Secondly, the Court did not ignore Darden in reaching its conclusion. Darden merely defines how the term "employee" shall be construed in the context of an ERISA claim. Plaintiffs read Darden too broadly. Plaintiffs also maintain that Berger Transfer & Storage v. Central States, Southeast and Southwest Areas Pension Fund, 85 F.3d 1374 (8th Cir.1996) is the controlling law in this circuit and the Court should not have relied on the Tenth Circuit case of Capital Cities/ABC, Inc. v. Ratcliff, 141 F.3d 1405 (10th Cir.), cert. denied, 525 U.S. 873, 119 S. Ct. 173, 142 L. Ed. 2d 141 (1998). There is no evidence in Berger that the truck driver plaintiffs in that case signed agreements that specifically provided long-term benefits as the contracts at issue in the case at bar. Berger is, therefore, distinguishable. Further, while the plaintiffs maintain that this Court should not rely on the Tenth Circuit decision in Capital Cities/ABC, Inc., the Court will observe that the Supreme Court has denied certiorari in that case.
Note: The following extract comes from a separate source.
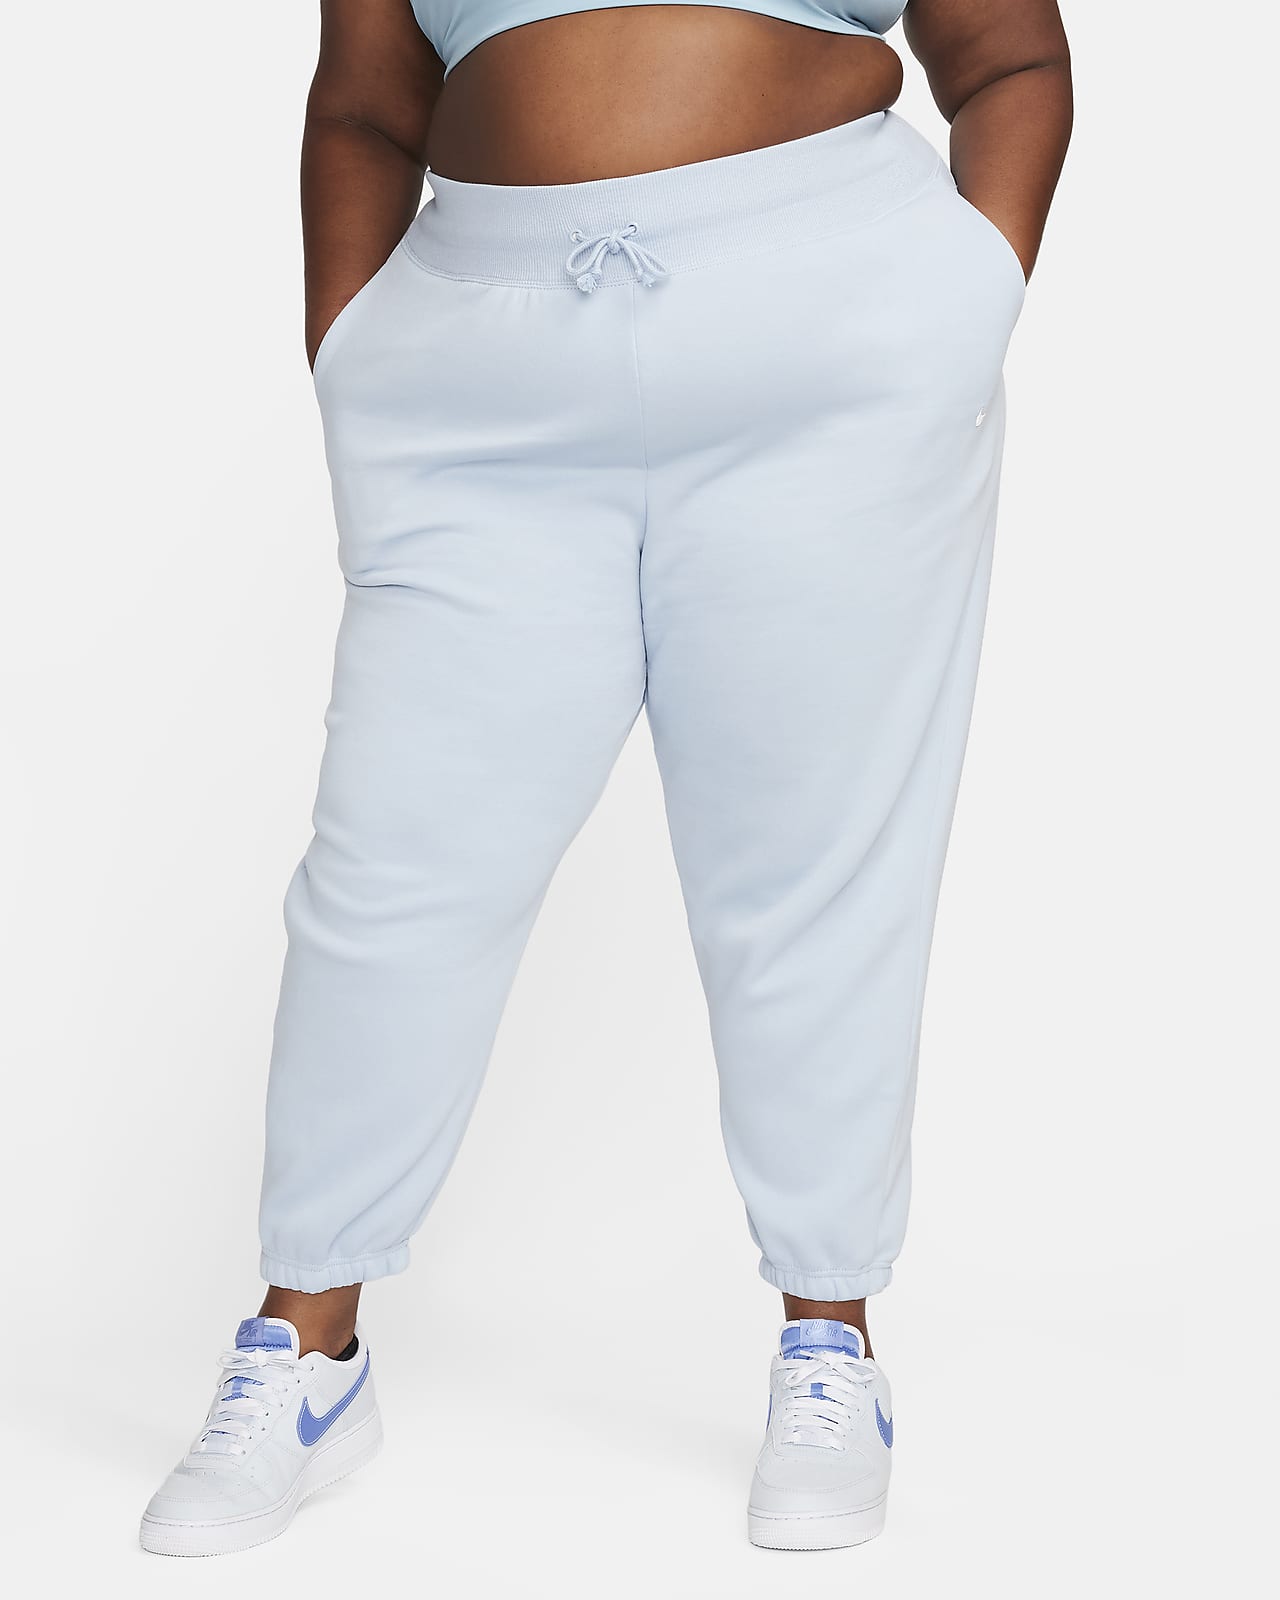 NIKE Nike DRI-FIT PARK 20 - Tracksuit Jacket + Jogging Pants - Women's -  royal blue/obsidian/obsidian/white - Private Sport Shop

Plaintiffs urge the Court to heed the decision in Daughtrey v. Honeywell, 3 F.3d 1488 (11th Cir.1993), which found that the employment status of an individual for the purposes of ERISA is not determined by the label used in the contract between the parties. The Court agrees with that holding. The agreement at issue in Daughtrey, however, did not contain language that provided for payment of commissions and the vesting of renewal commissions.

Plaintiffs mistakenly presume that the Court considered contract claims not at issue in the summary judgment motions to reach its conclusion that defendants were entitled to summary judgment on the ERISA claims. On the contrary, all the Court did was use the terms of the contract, which the agents signed upon commencing their employment, to determine that those contracts evinced an intention to preclude the agents from later claiming that they were entitled to benefits other than those provided for in the contracts.

Accordingly, it is

ORDERED that Plaintiffs' Motion for Reconsideration and for Clarification is denied.